Malaysian Employers Federation executive director Datuk Shamsuddin Bardan said about 20% of its members were looking into such options and they cut across all economic sectors from retail to hospitality to manufacturing.
These companies have approached the MEF for advice and the federation’s consultants were currently working with them on how to best cut costs and whether or not to lay off staff, said Shamsuddin.
Companies were finding it harder to meet overheads because of lower demand and consumption, especially after the 6% goods and services tax (GST) was introduced in April, he said.
“For some members, business is almost 30% down these past few months.

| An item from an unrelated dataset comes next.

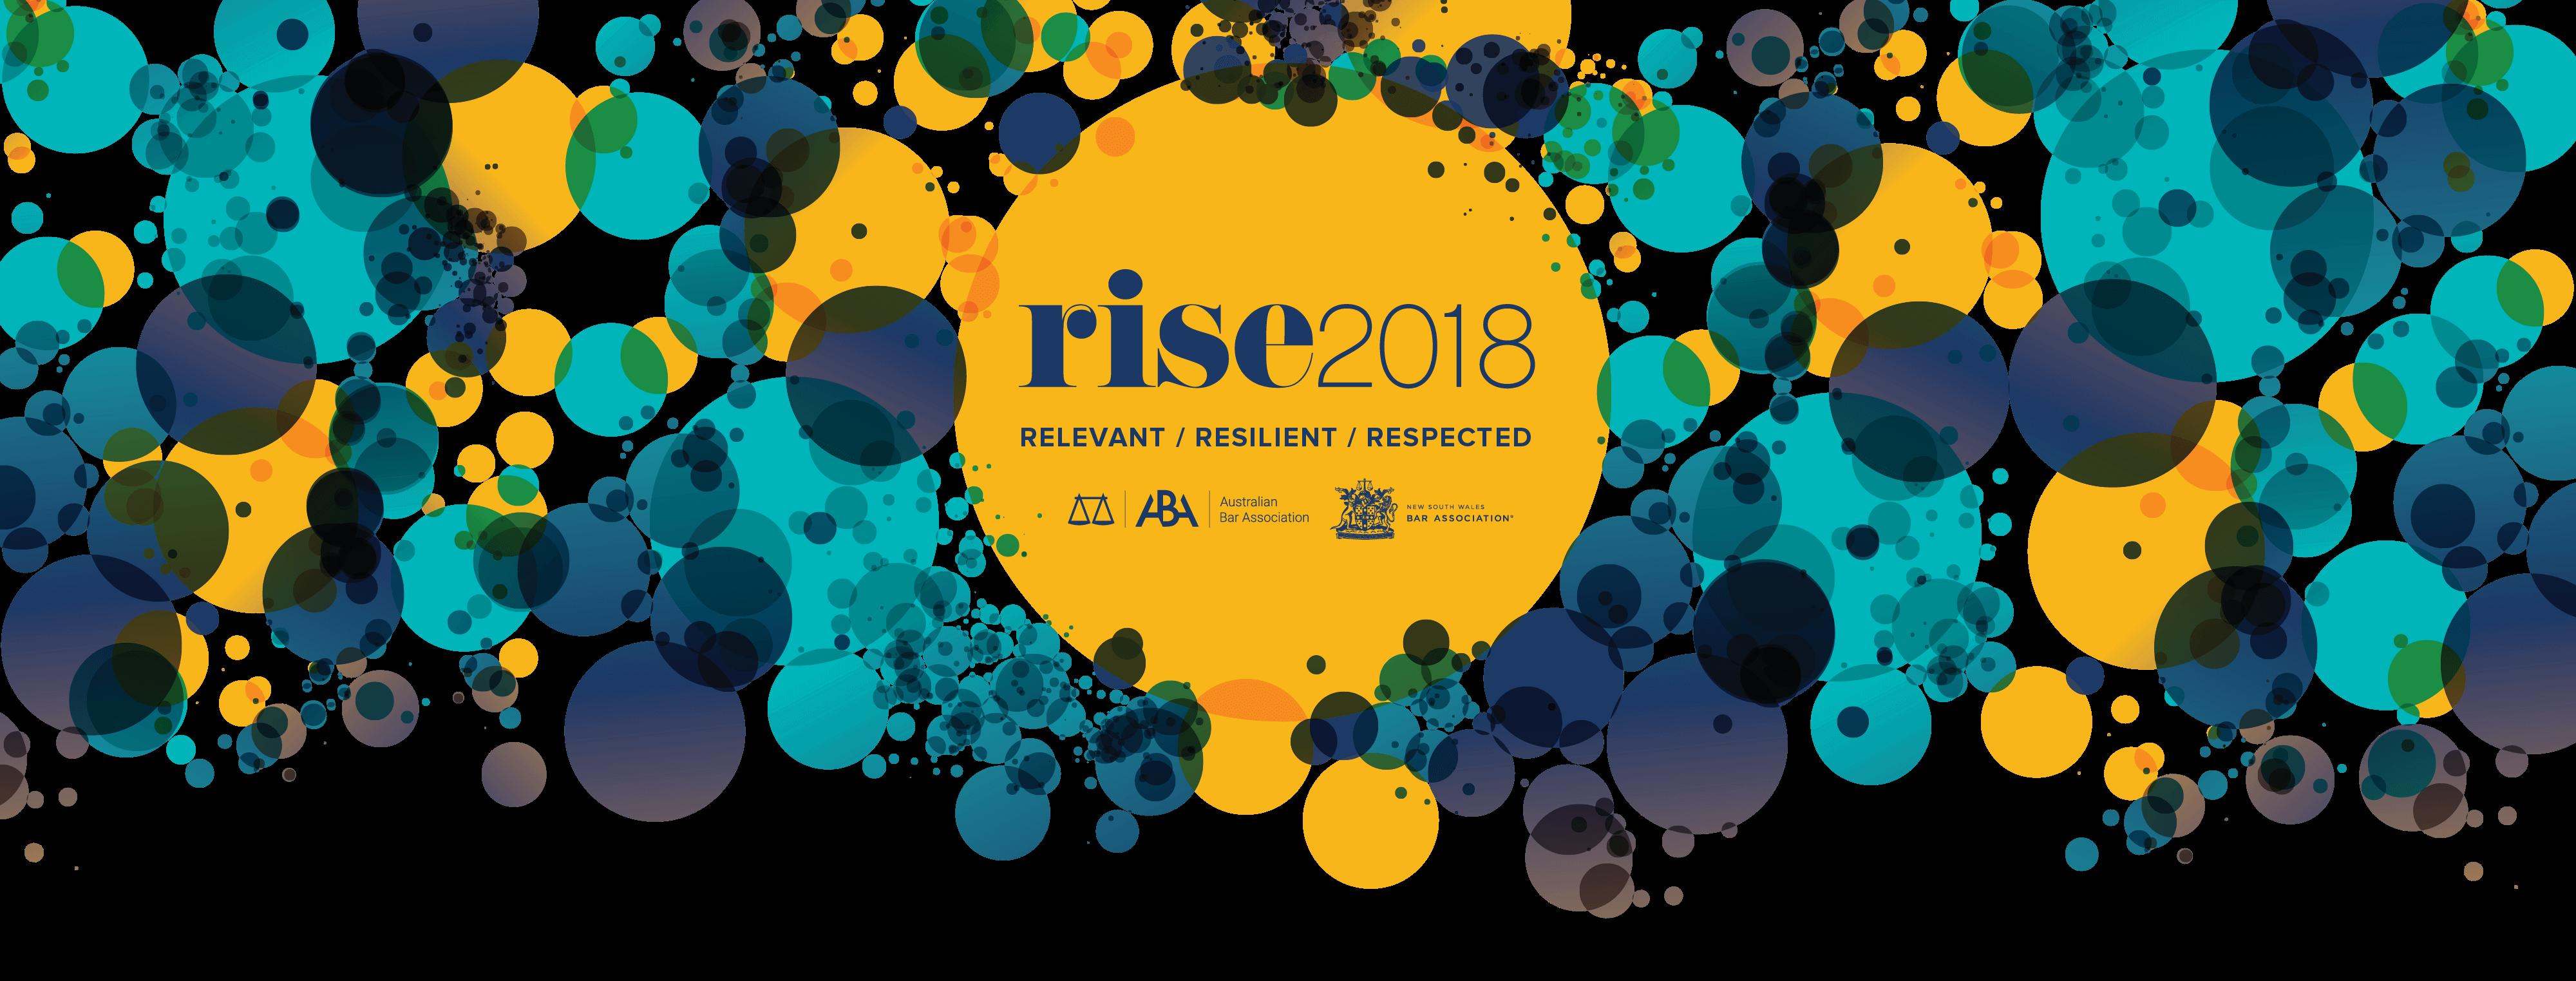 Rise2018-IMFBentham

So they are looking at either retrenchment or voluntary separation exercises,” Shamsuddin told The Malaysian Insider.
About 5,000 individual companies and 22 trade associations are members of the federation.
A May 2 StarBiz report quoted several associations and analysts who said they were seeing a slowdown of between 20% and 50% in business for retailers in the months after the GST.

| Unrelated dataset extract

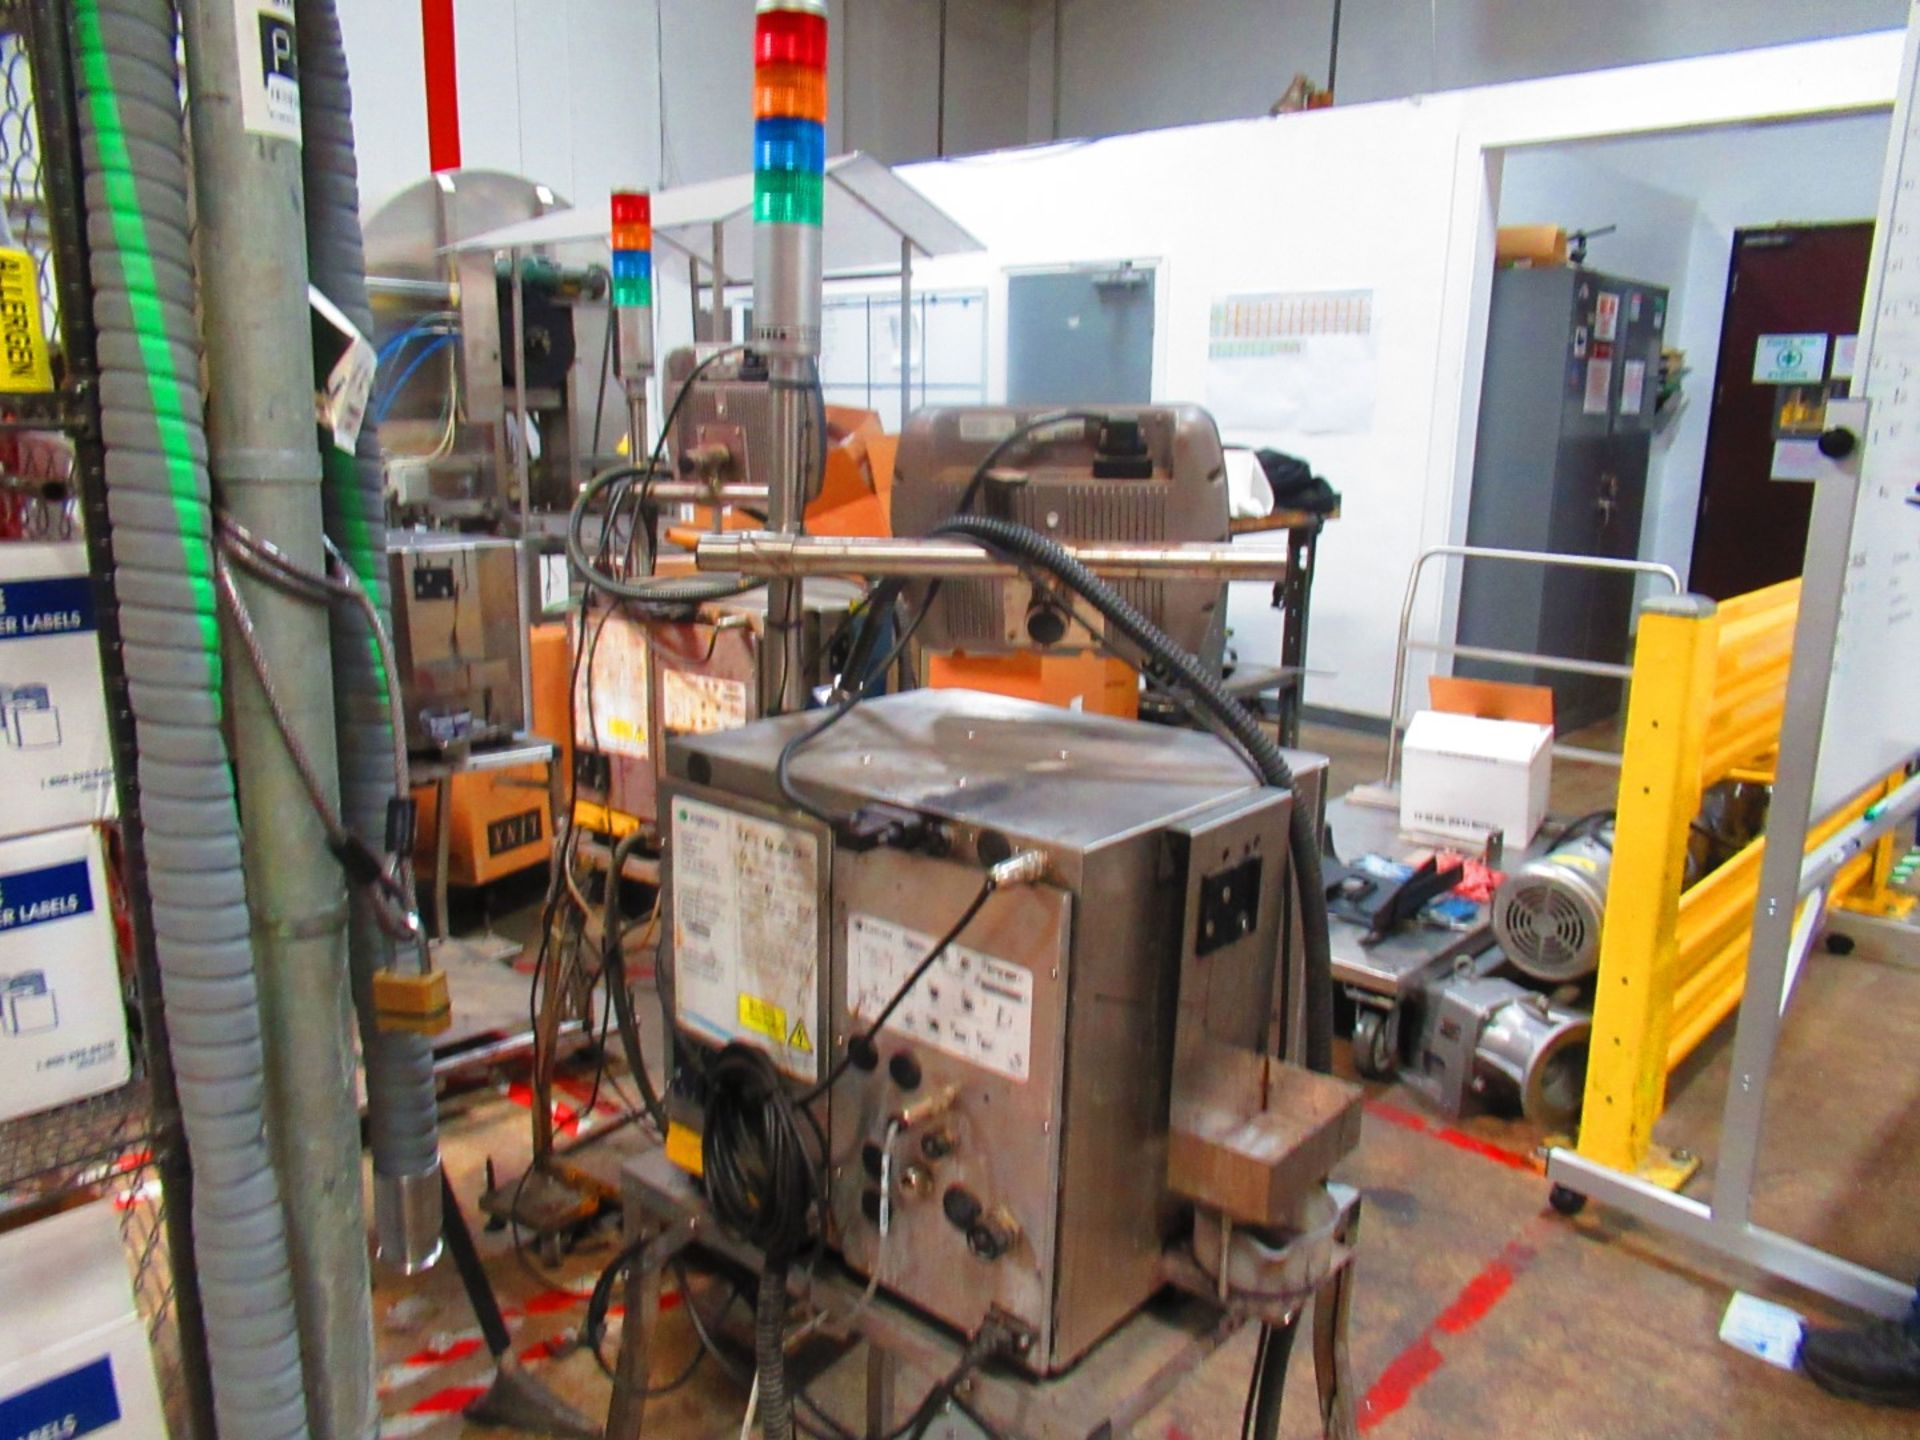 Thermal Printer - Image 2 of 8

Retail Group Malaysia (RGM), a consulting firm in the retail sector, expected sales to slow down for six months after April, the StarBiz report said.
Retail spending was expected to return to normal by year-end, the RGM was quoted as saying.
The Malaysian Trades Union Congress (MTUC), which represents blue collar private sector workers, however, disputed the reasons for laying off workers.
“According to a Bank Negara report, SMEs (small and medium enterprises) are still performing well,” said MTUC secretary-general N. Gopal Kishnam.
Bank Negara’s economic report for the first quarter of this year showed that business activity grew between 5.6% and 9.6% in all industrial sectors, except for agriculture.
The services sector grew by 6.4%, especially in consumption-related businesses while the manufacturing sector’s 5.6% growth was driven by strong exports, particularly in the electronics and electrical cluster, the report said.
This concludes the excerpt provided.